How to complete this task:
Once you reach the line containing "Pattern: Scaled", reproduce it and every later line exactly, through the end of the data.
+++
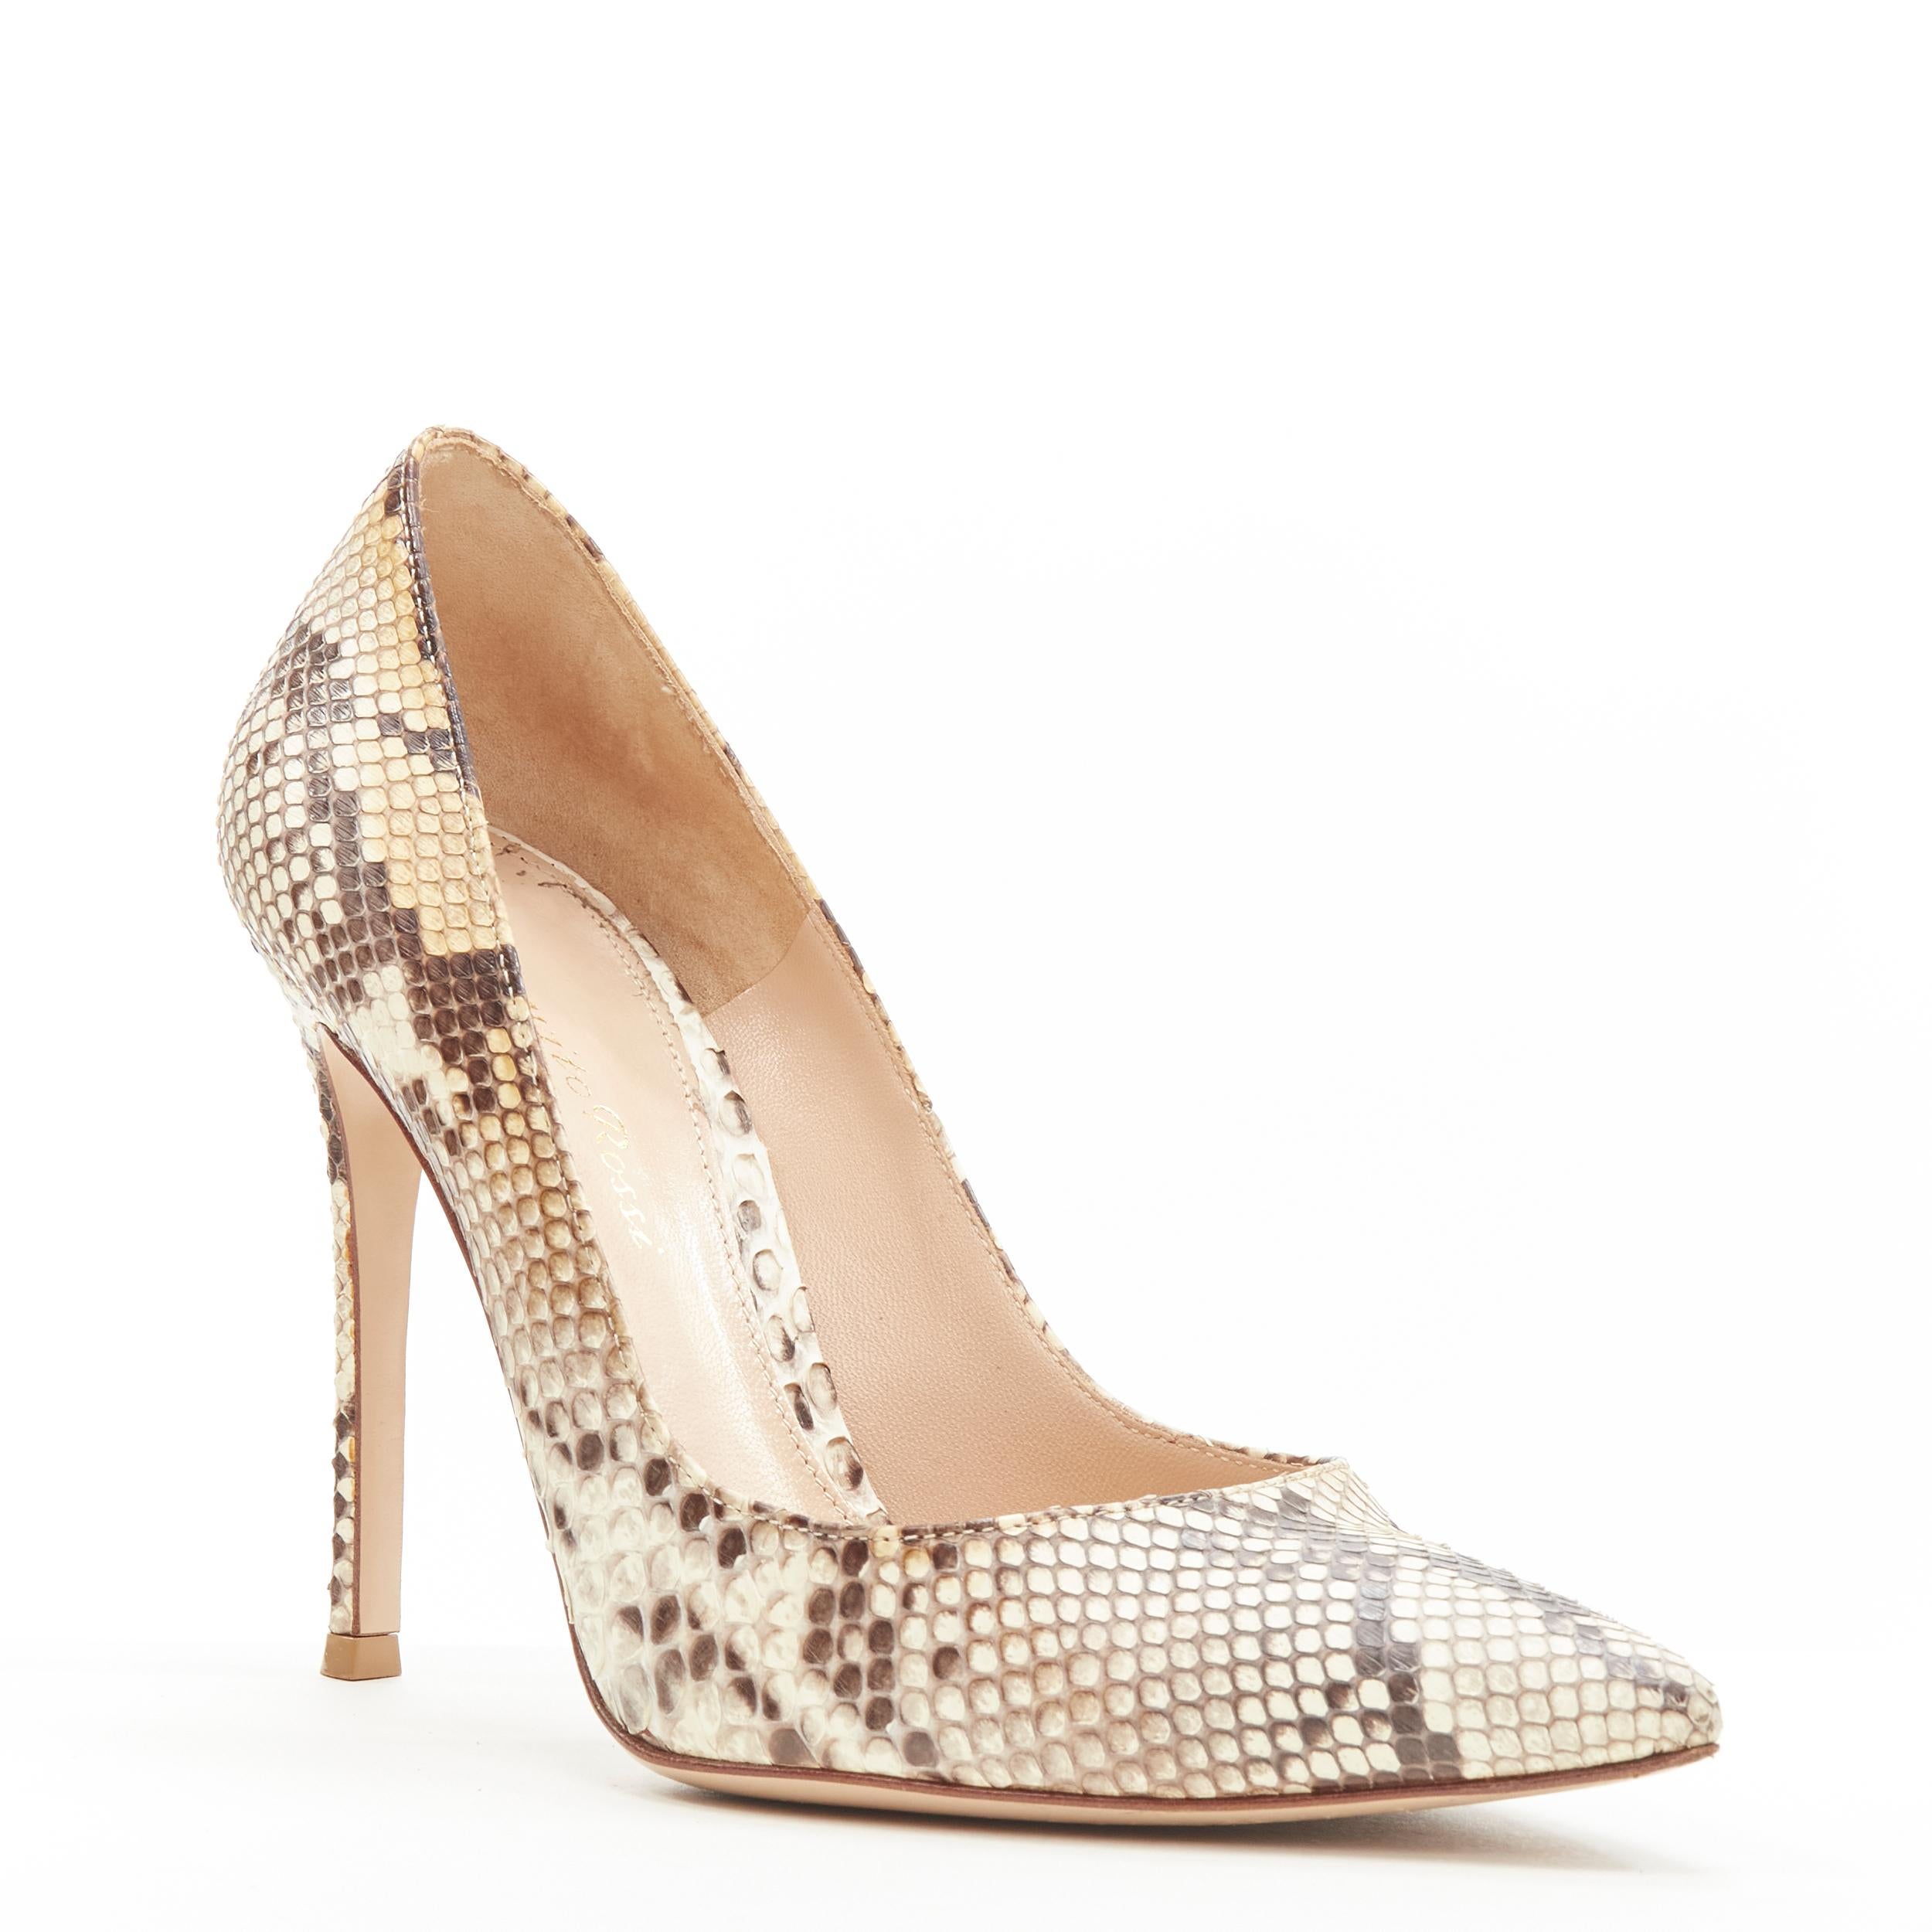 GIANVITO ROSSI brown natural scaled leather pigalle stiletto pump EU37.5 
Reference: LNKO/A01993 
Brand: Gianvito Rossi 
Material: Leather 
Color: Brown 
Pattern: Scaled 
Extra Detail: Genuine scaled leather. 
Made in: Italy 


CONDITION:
+++
Response to the exercise:
Pattern: Scaled 
Extra Detail: Genuine scaled leather. 
Made in: Italy 


CONDITION:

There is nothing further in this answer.